Please give back the listing below word for word, without the images.

- **Data**

============

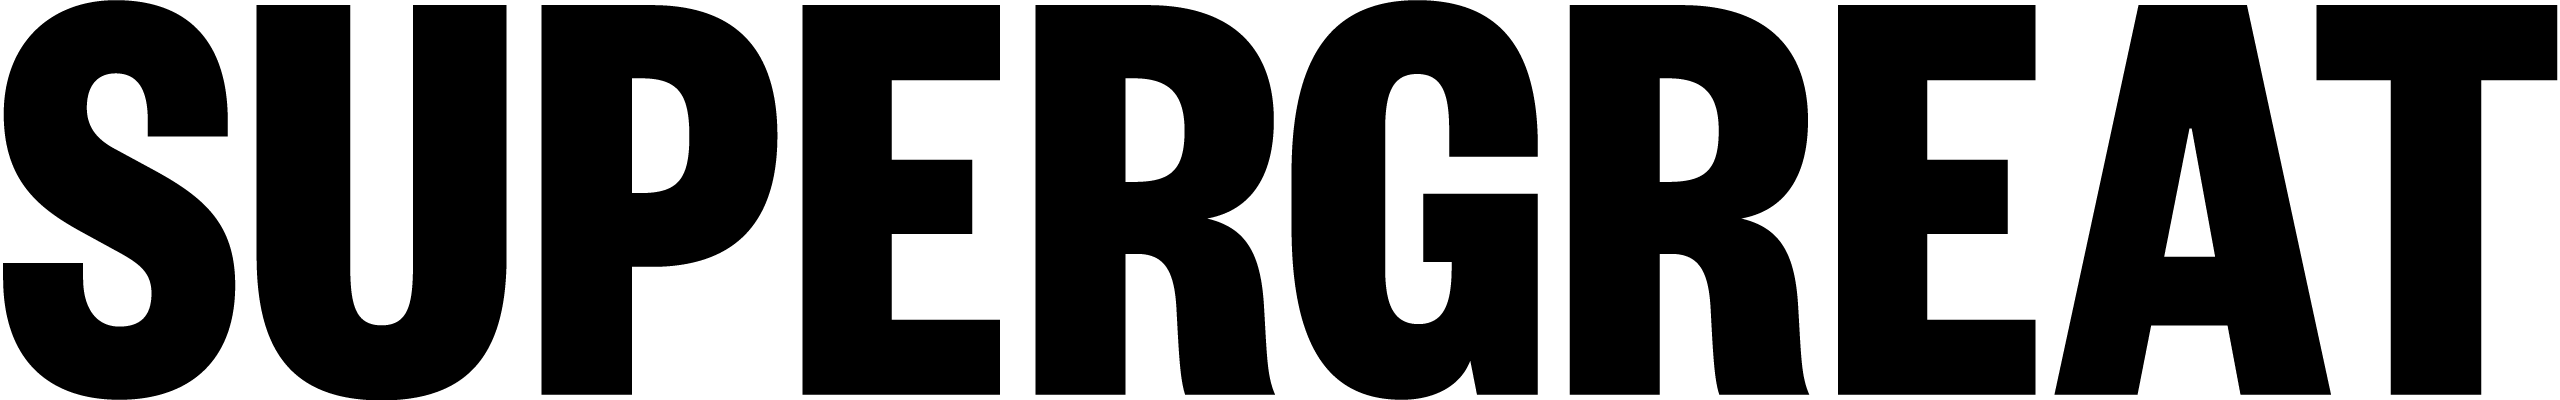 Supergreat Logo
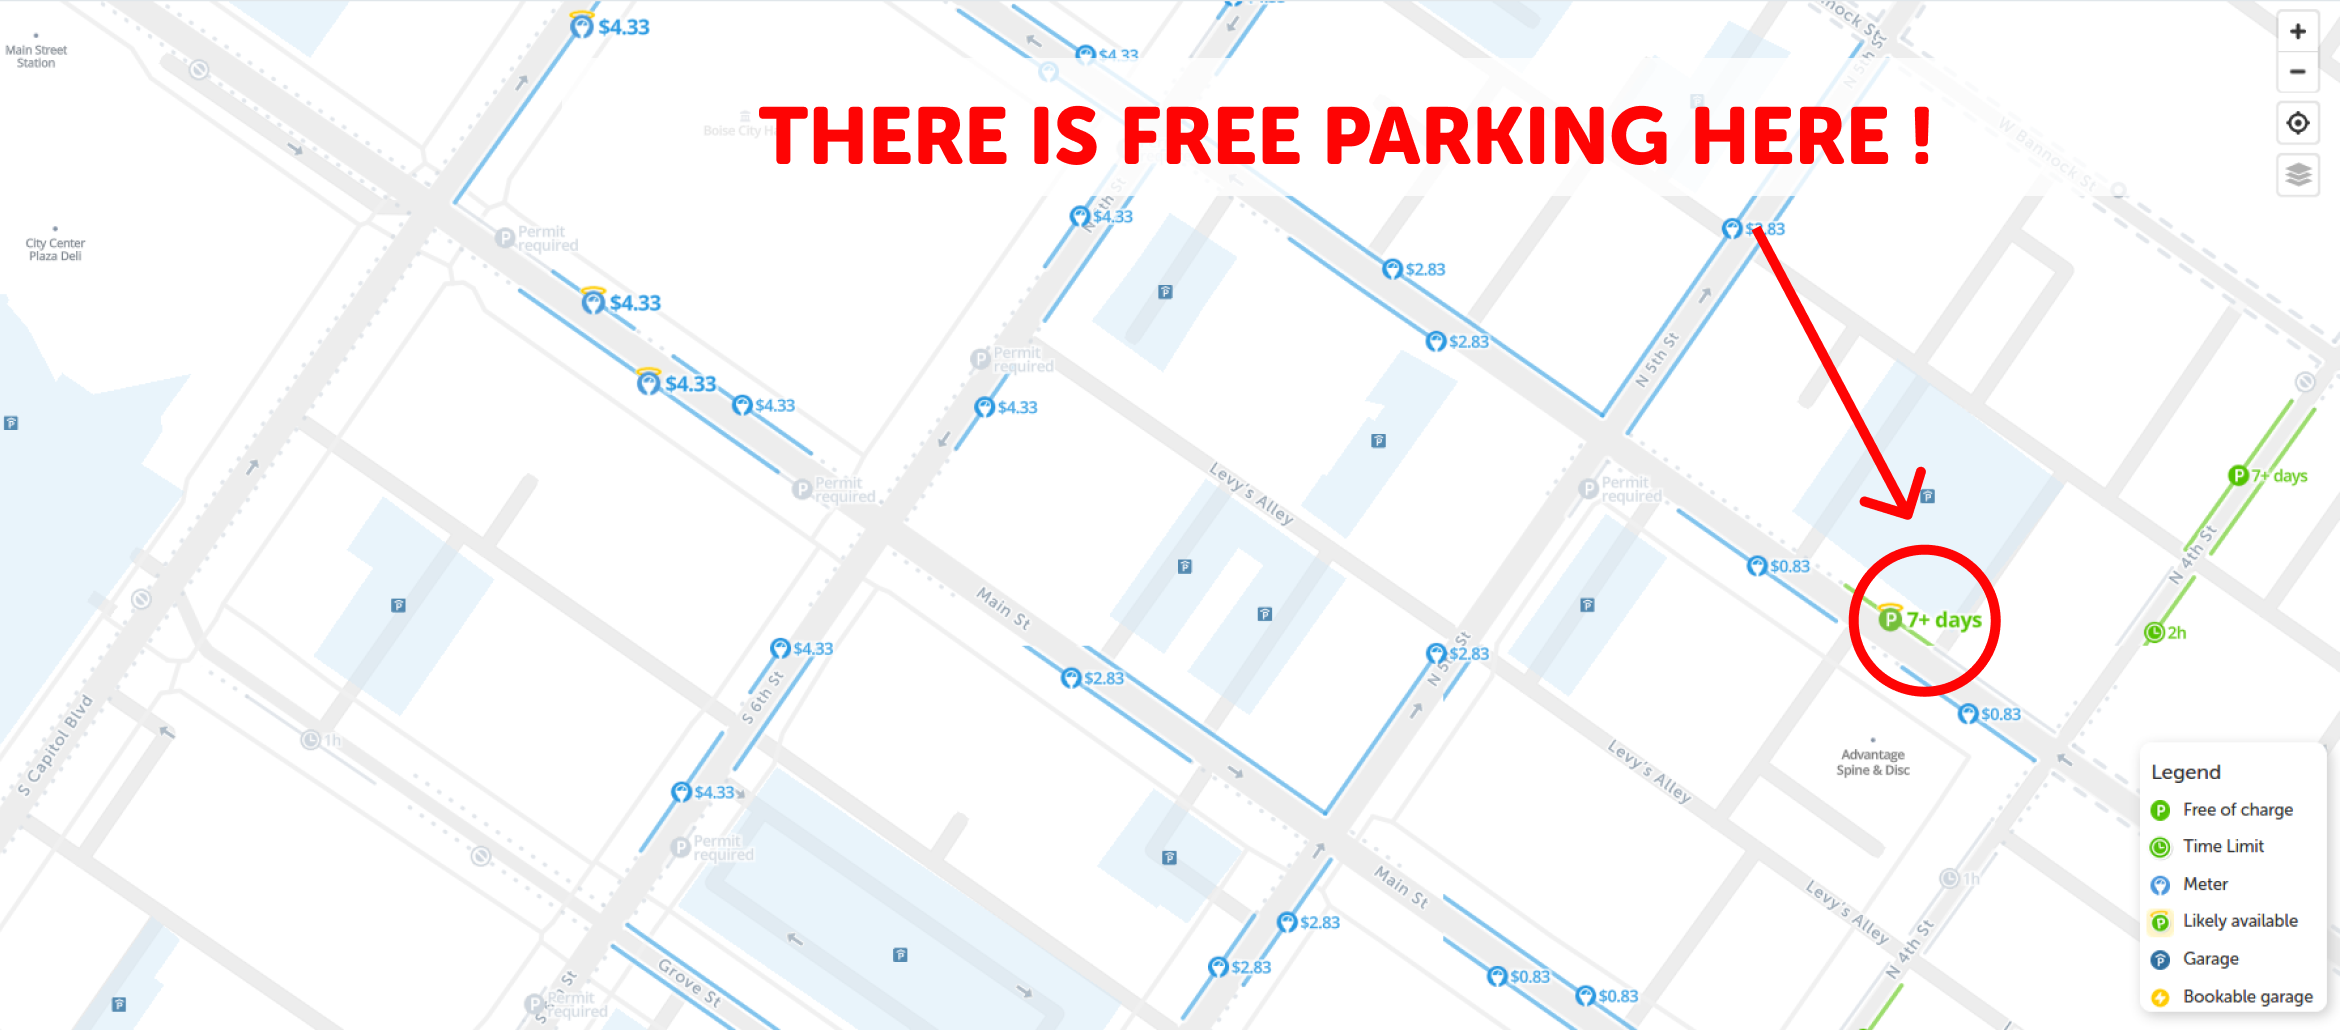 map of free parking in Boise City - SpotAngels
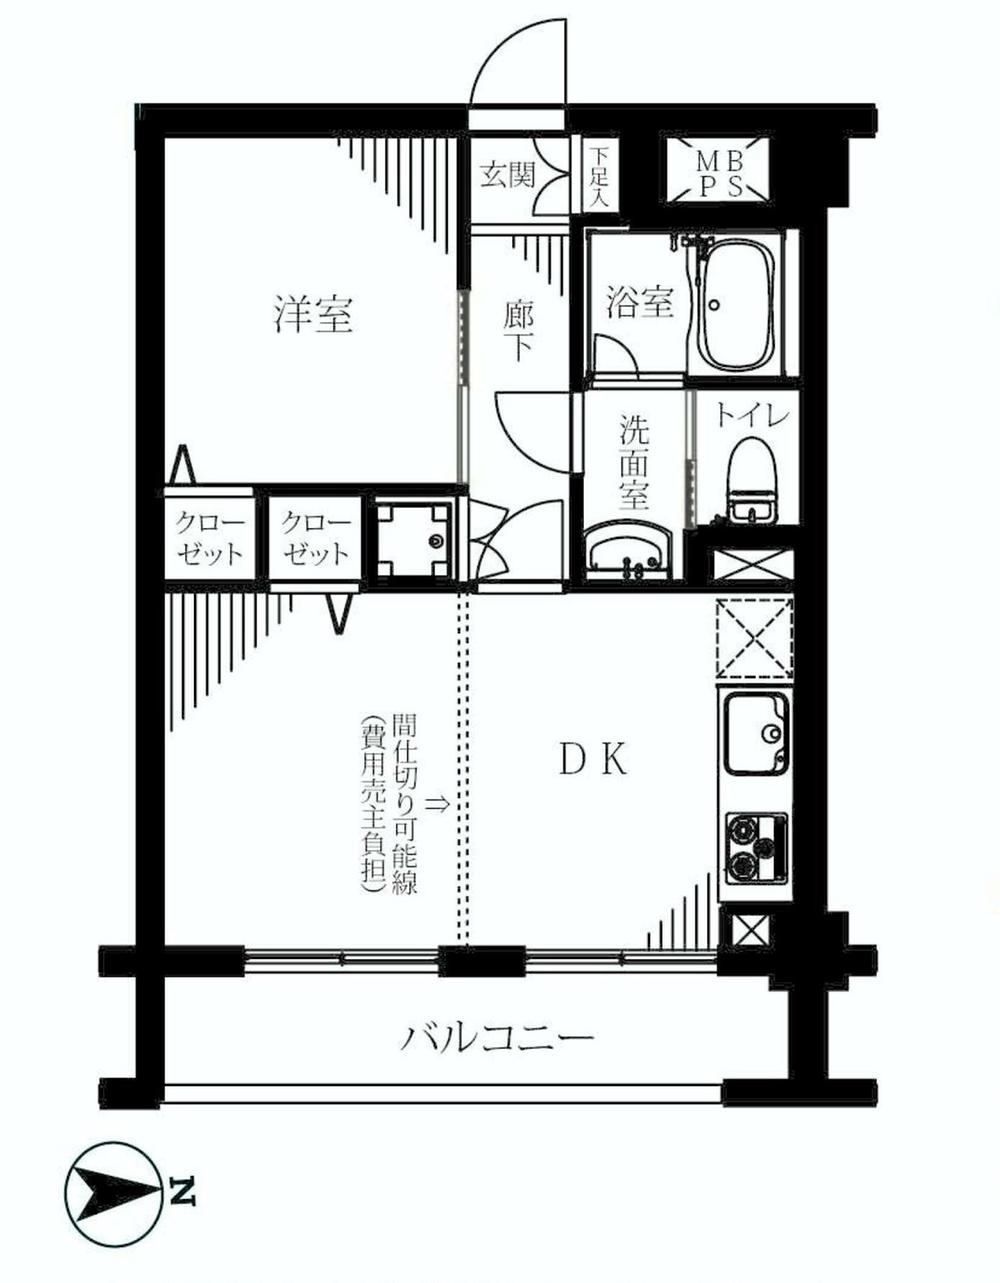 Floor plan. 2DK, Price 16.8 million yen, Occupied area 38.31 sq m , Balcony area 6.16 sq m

============

- **Answer for this exercise**
 Supergreat Logo
 map of free parking in Boise City - SpotAngels
 Floor plan. 2DK, Price 16.8 million yen, Occupied area 38.31 sq m , Balcony area 6.16 sq m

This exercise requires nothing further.